PROMPT: The lines to be extracted begin at the line containing "Kamik Women's Snowpearl Boots - Black" and end at the last line of the data below; copy them exactly and leave out the pictures.

INFORMATION SUPPLIED:
•••••
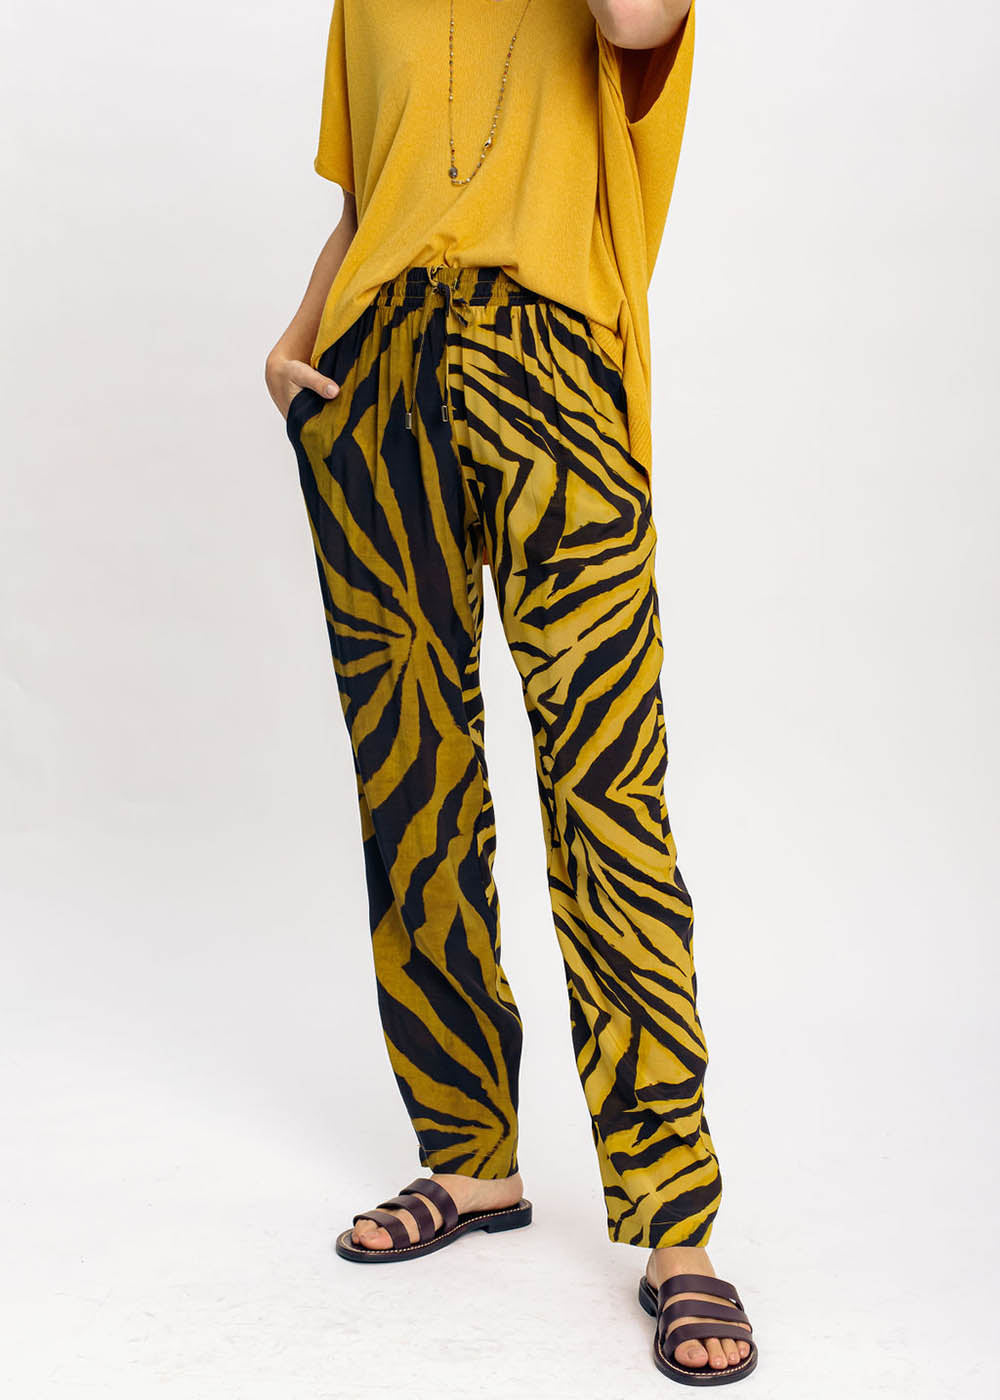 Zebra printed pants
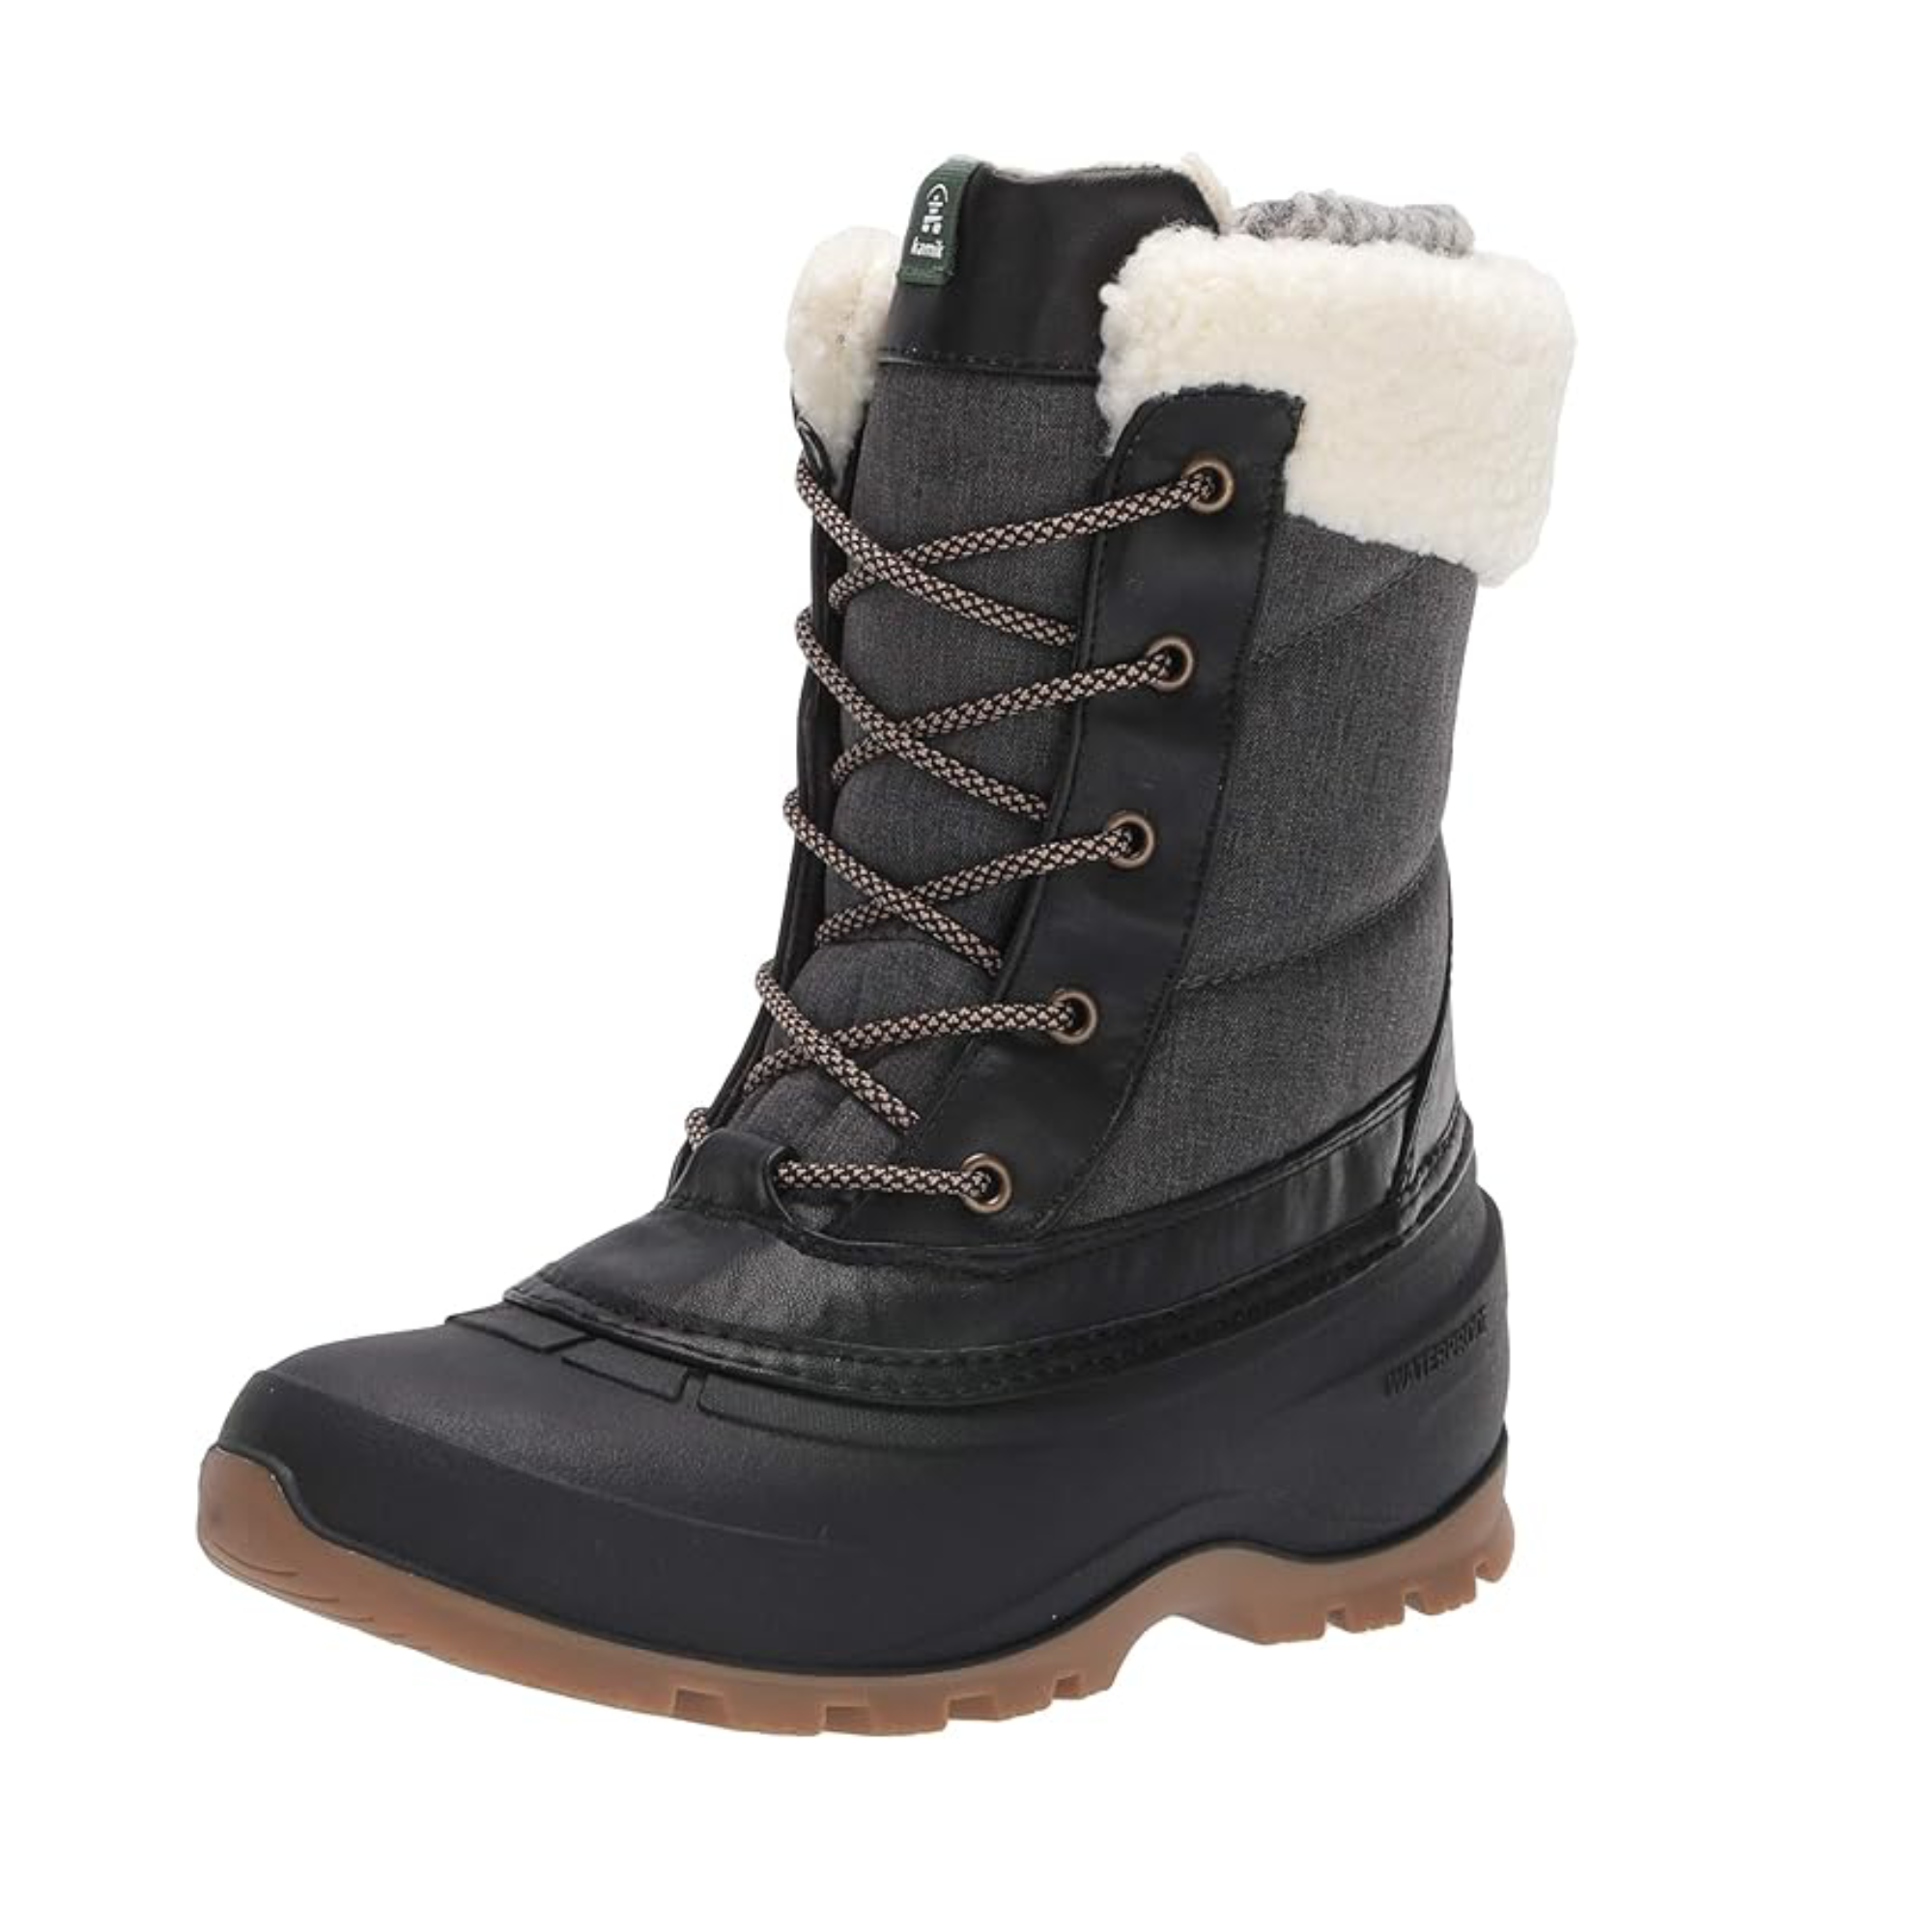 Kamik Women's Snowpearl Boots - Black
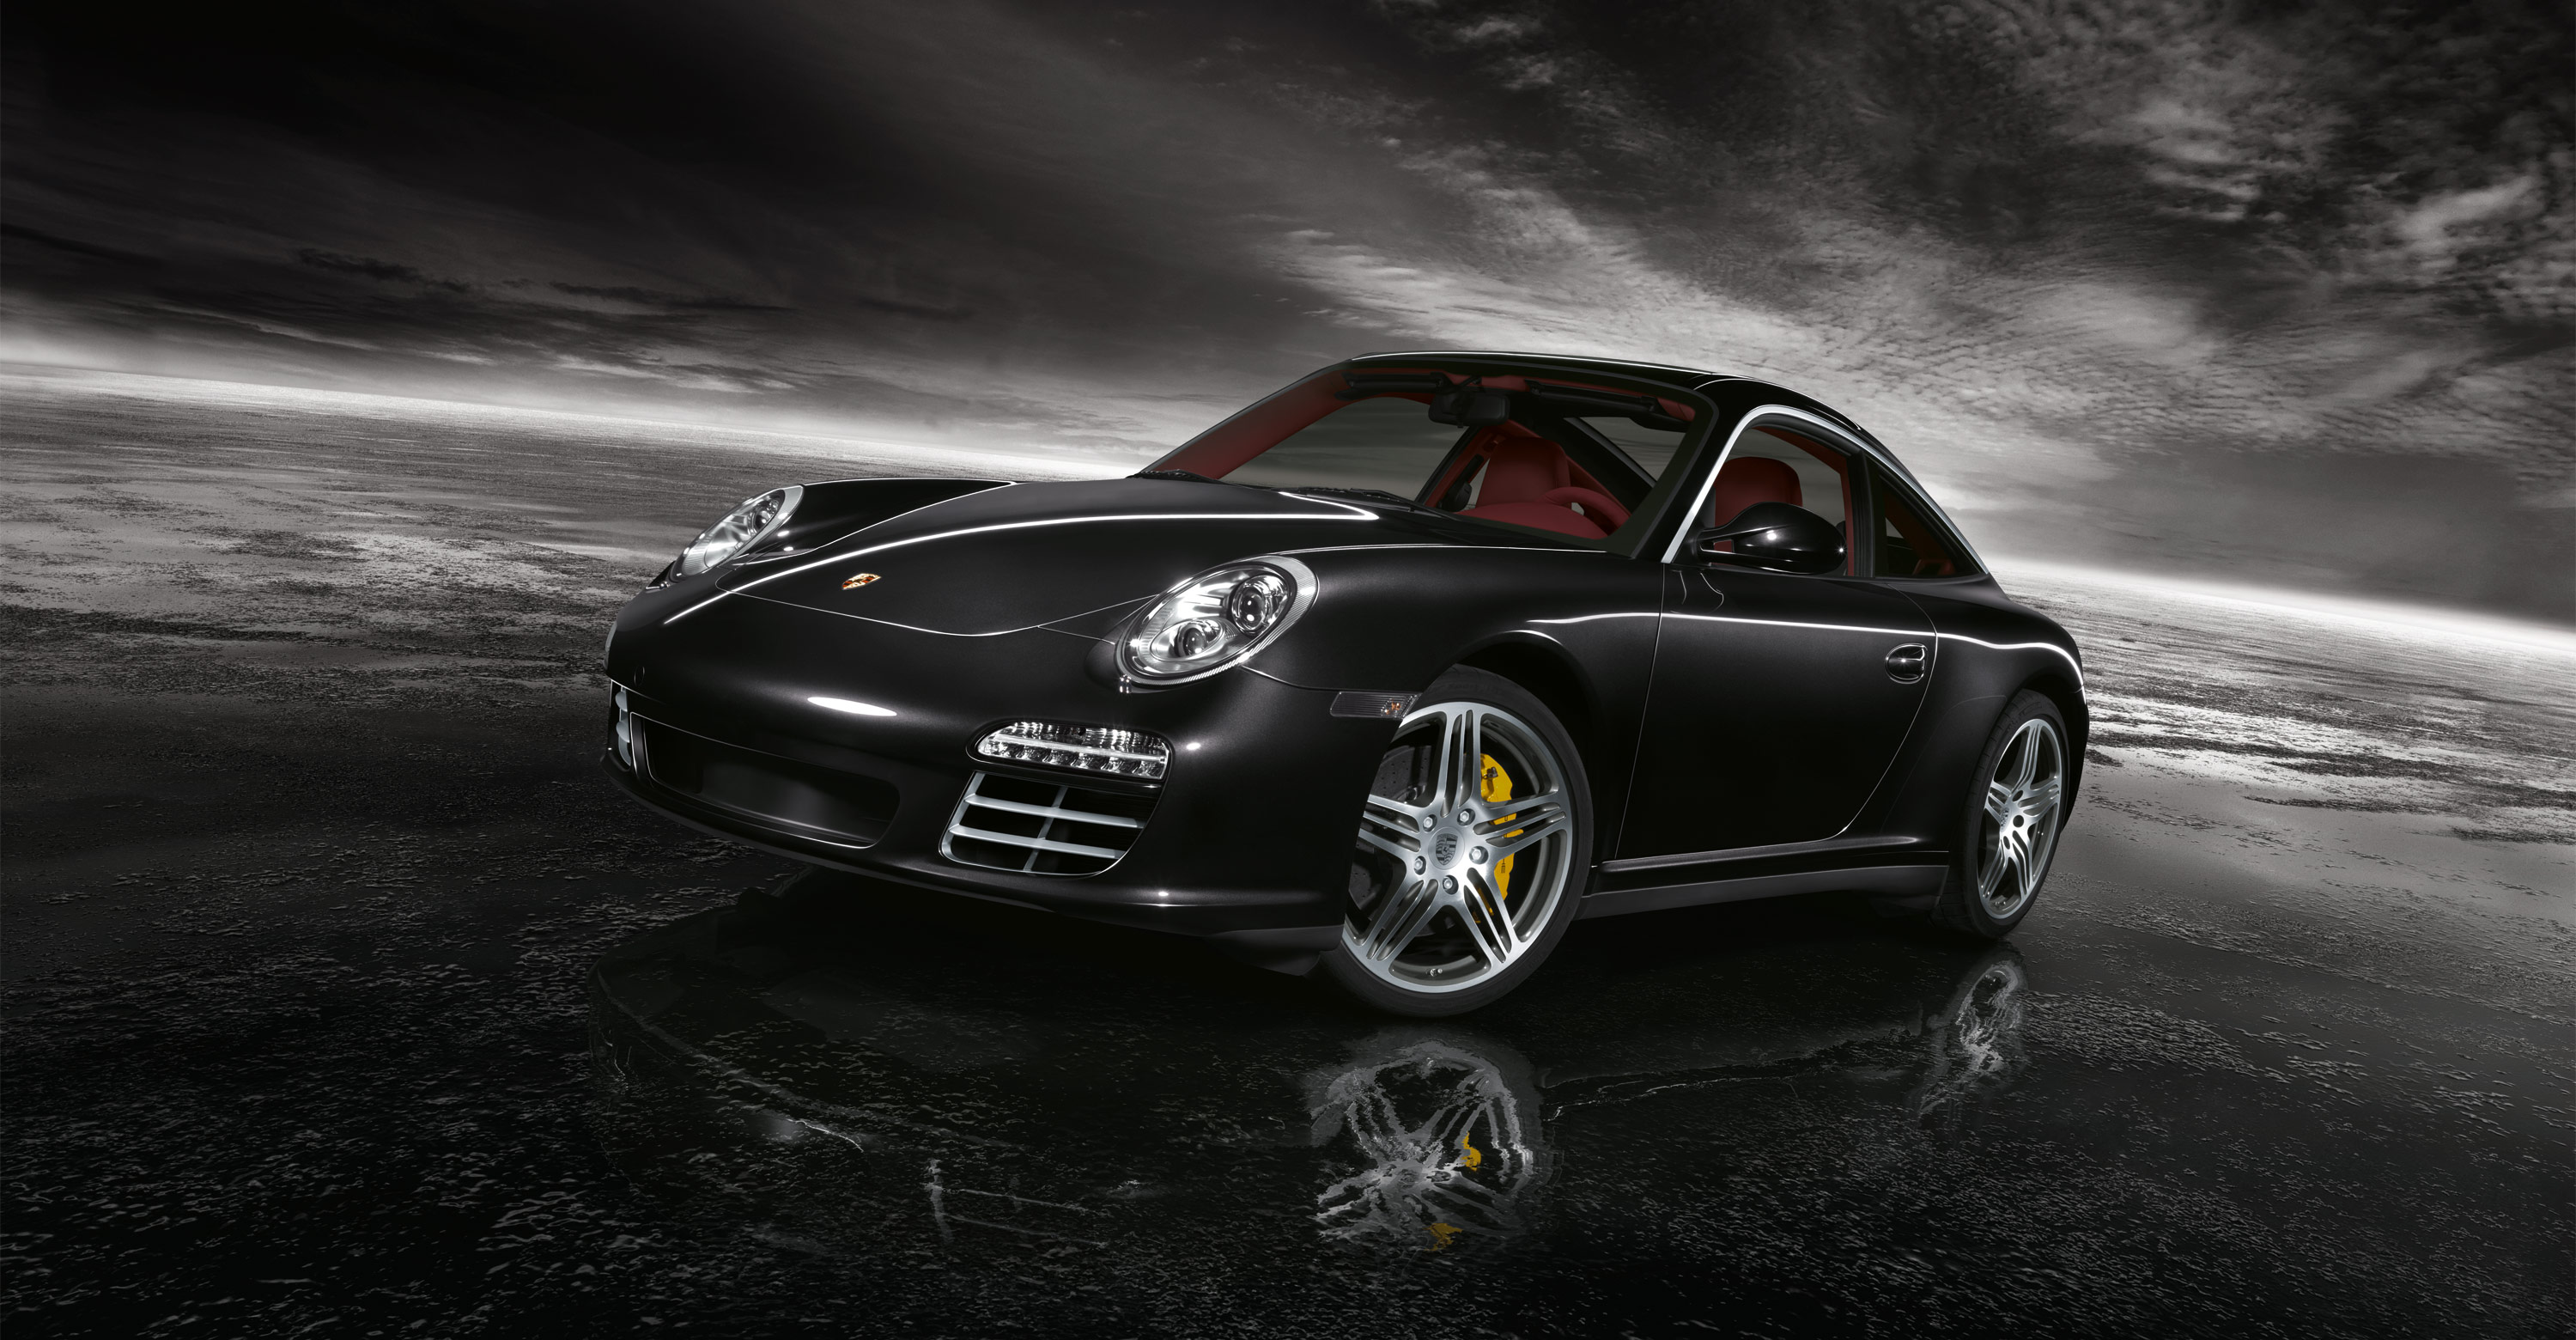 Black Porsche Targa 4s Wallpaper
•••••
PROBLEM SOLUTION:
 Kamik Women's Snowpearl Boots - Black
 Black Porsche Targa 4s Wallpaper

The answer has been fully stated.